Post by BCdeb » March 14th, 2020, 4:50 pm

The title is: Tears of Blood
Chapter 1
Lies and Dreams
Lies, lies and more lies. Our parents repeat them in the name of tradition. Santa Claus ruled until you found out the truth. I was 7 years old when I snooped around the upper shelf of the spare room closet and discovered a decorated parcel with a colorful bow on it. I was shocked. A little card read, ‘to Debbie from Santa.’ This was early November. How revolting to be lied to! I revealed my findings after Christmas, but my parents laughed it off. Hogwash. For years I put up with older kids making fun of me because I believed in Santa Claus. And yes, we teeny boppers backed up our parents’ lies by saying ‘they would never, ever lie to us!’
In turn, I confronted them about the Tooth Fairy and the Easter bunny. Why do loving parents tell us heaps of lies because it’s the popular thing to do? I vowed I would never tell my children the aforesaid lies and spare them any future heartache, humiliation and bullying.

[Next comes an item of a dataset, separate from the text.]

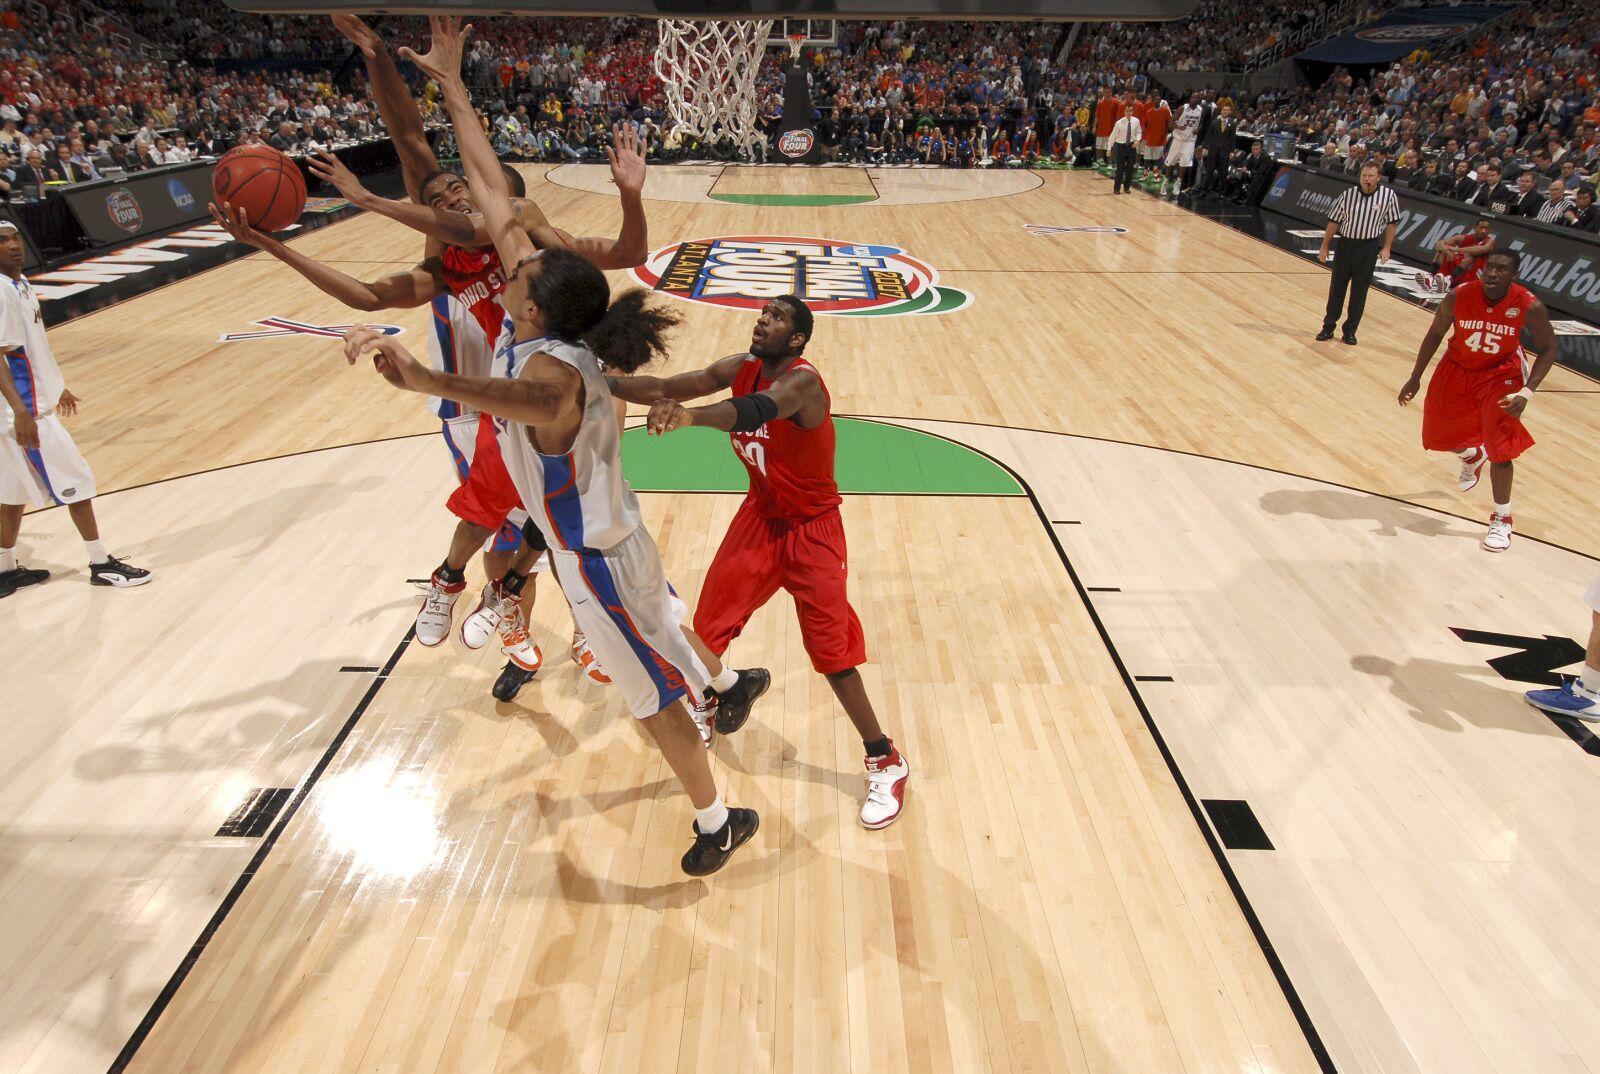 5d7c6fa3072 Memphis Grizzlies: Mike Conley, Joakim Noah Share Special NCAA Championship  Connection

Looking back, it’s ironic how we get punished for telling falsehoods. What do parents’ expect from us? They lie to us from birth, throughout our formative years and say it was traditional fun. Are you kidding me? Lies affect and infect an entire family.
In consequence, I told countless fibs. My parents and teachers found it quite difficult to believe anything that came out of my mouth, even when I told the truth. I was in utter confusion as to what was right and wrong. To cope with mental anguish I stole things: pencils, bubble gum, and chocolate bars.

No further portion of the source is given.